In my little rule book it has a picture of a Carny with a Bloodthirsters whip choking the shit of him and a Herald on Juggy smashing thru Gaunts.

What Im sure it doesnt show is the Skulltaker pawning the Hive Tyrant and Trygon at the same time .


----------



## The Sullen One (Nov 9, 2008)

Much as I like Typhus, and will probably getting him for fluff gaming, I wouldn't take him in anything less than a 2000pt game. Where actual play is concerned, he'll need a terminator retinue equipped with a good number of chianfists, combi-meltas & powerfists.
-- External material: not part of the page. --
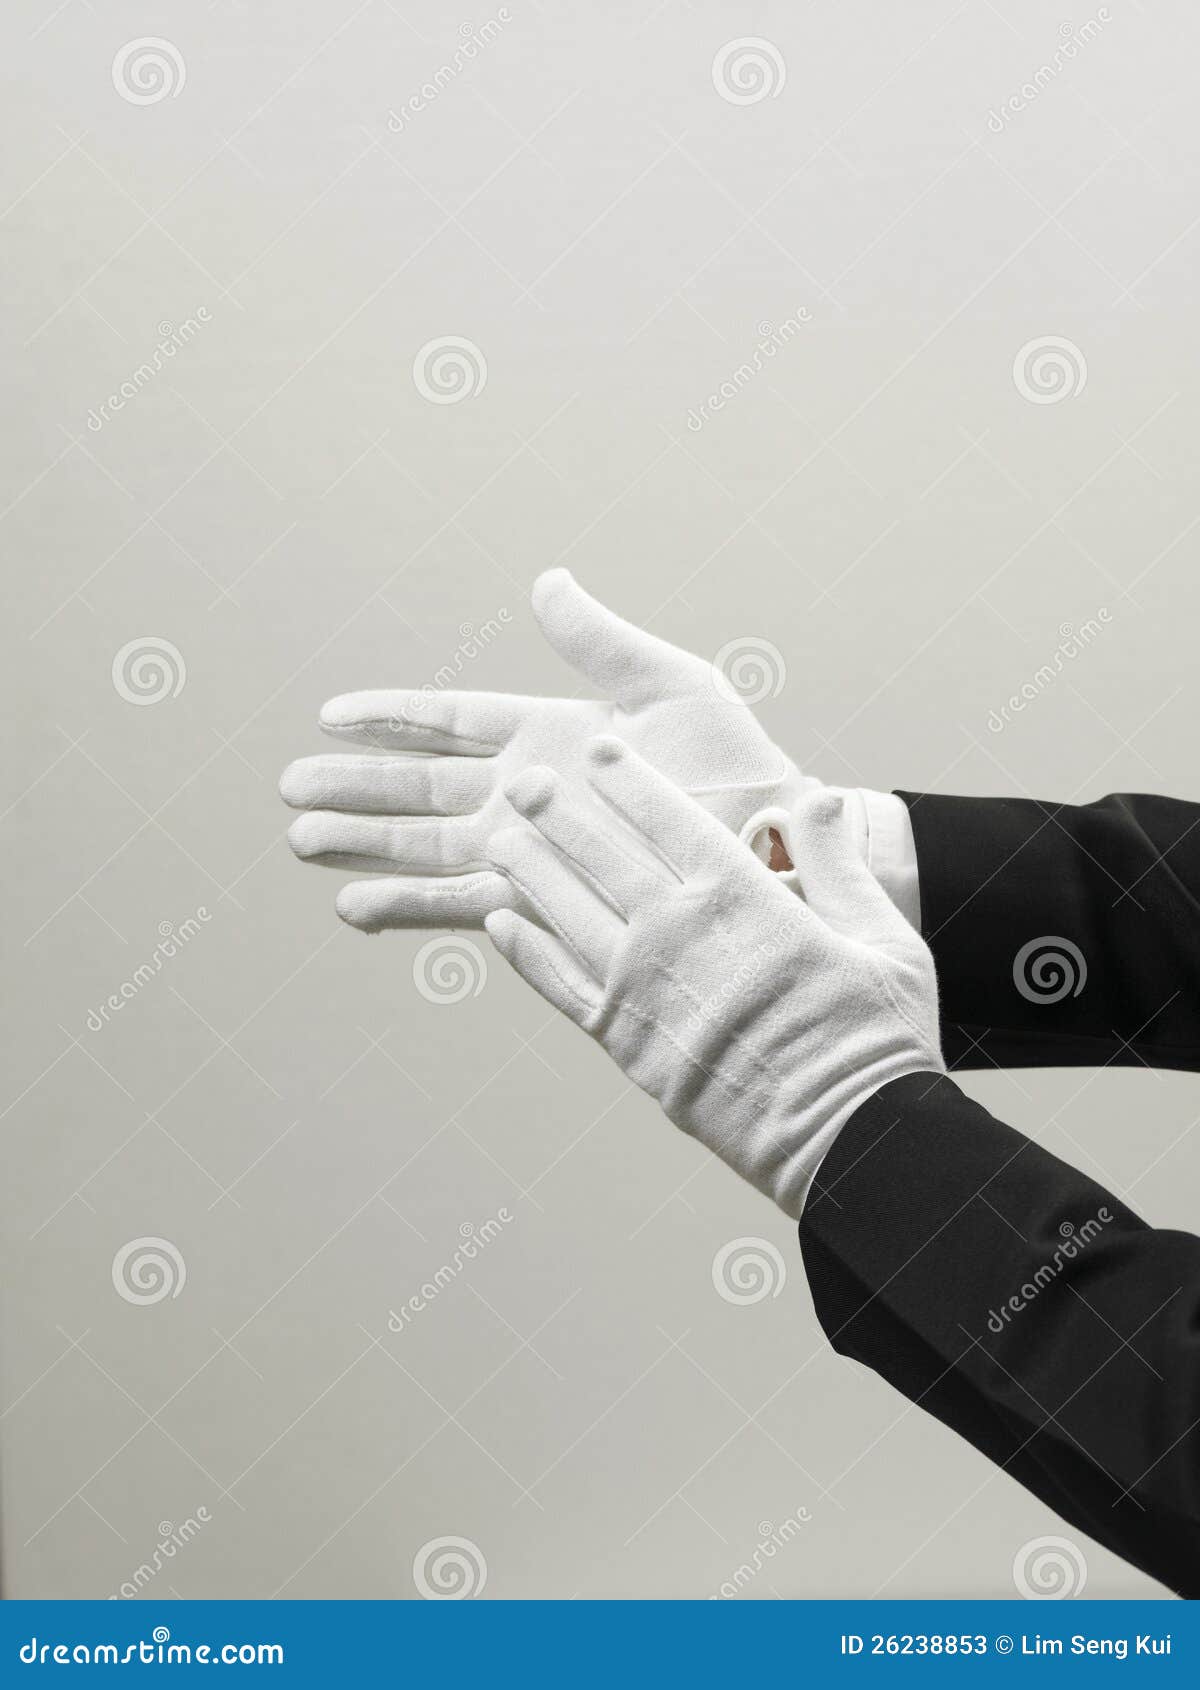 В мешке находятся черные и белые перчатки

All of which will drive up the price of the unit, and thats before you think about adding in a Land Raider.

Keeping in mind that Nids are higher initiative than Nurgle Marines, and that unit will take serious losses against anything like a Hive Tyrant or the Swarmlord. Personally a better option would be a Slaneesh lord with blissgiver, you only need to wound once and that Hive Tyrant's dead. Use some oblits to soften him up and get rid of the Tyrant Guard first.


----------



## b.anthracis (Nov 18, 2008)

But with the blissgiver you have to wound and with S4 against T6, thats not an easy task.


----------



## Winterous (Mar 30, 2009)

b.anthracis said:


> But with the blissgiver you have to wound and with S4 against T6, thats not an easy task.


The important thing is, you only need to wound ONCE.
Rolling one 6 to wound out of 4-9 attacks isn't as unlikely as you think.
Unfortunately it can't hurt Wraithlords, which is a shame.


----------